Tan ensimismado estaba, contemplando los dibujos de aquellos extraños seres en el libro, que apenas reparé en el ruido de la puerta al cerrarse. Me había quedado solo.

Respiré hondo. ¿Podría llevarme algún libro de esos? No me cabrían todos en el zurrón... Y además no podría volver a aquella tienda si robaba en ella. Y los libros parecían tan interesantes... ¿qué estarían diciendo todas aquellas letras?
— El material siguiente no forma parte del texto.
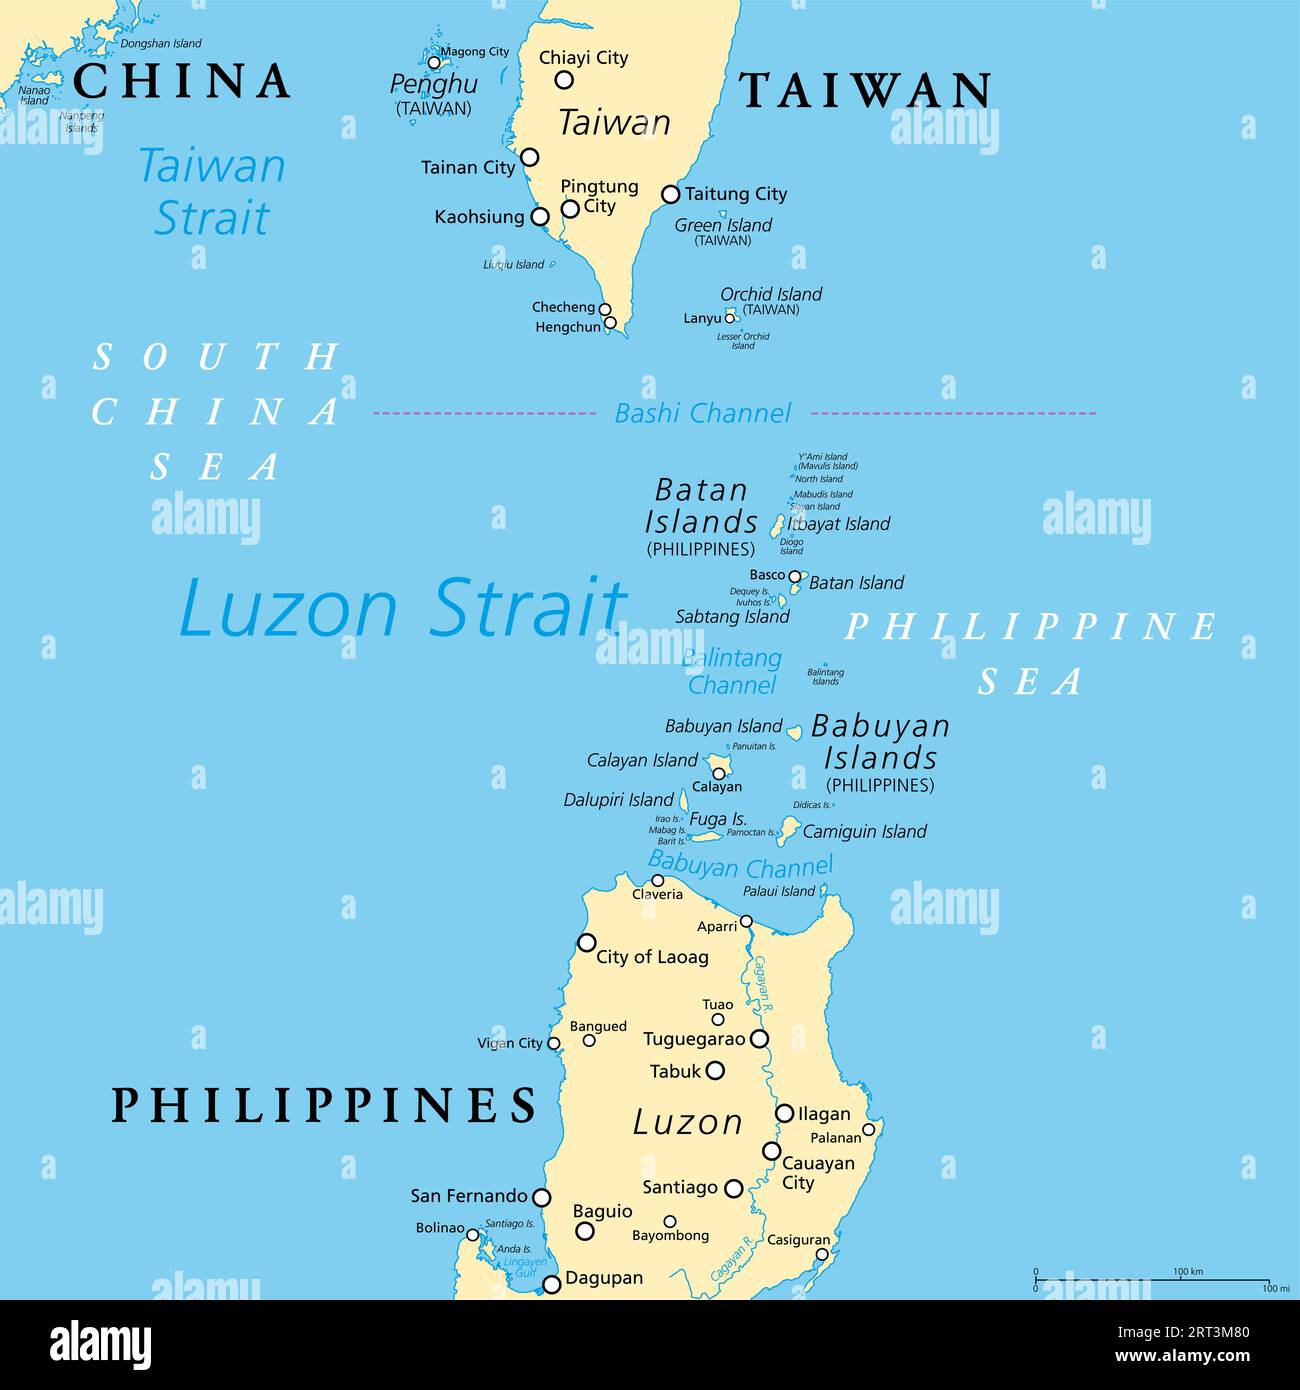 Luzon Strait, mappa politica. Stretto tra Luzon e Taiwan, che collega il Mar delle Filippine al Mar Cinese meridionale nell'Oceano Pacifico occidentale. Foto Stock

Seguí mirando ilustraciones. En un momento dado volví al libro amarillo de los occitienses. En los dibujos había flechas junto a explicaciones, esquemas, párrafos pequeños junto a los dibujos de gente que era como yo. Los habían dibujado como bestias agresivas con las fauces abiertas y ojos de rabia, como capaces de morder al lector en cuanto mirase hacia otro lado. Junto a los dibujos había párrafos que te explicaban vete a saber qué sobre mi gente.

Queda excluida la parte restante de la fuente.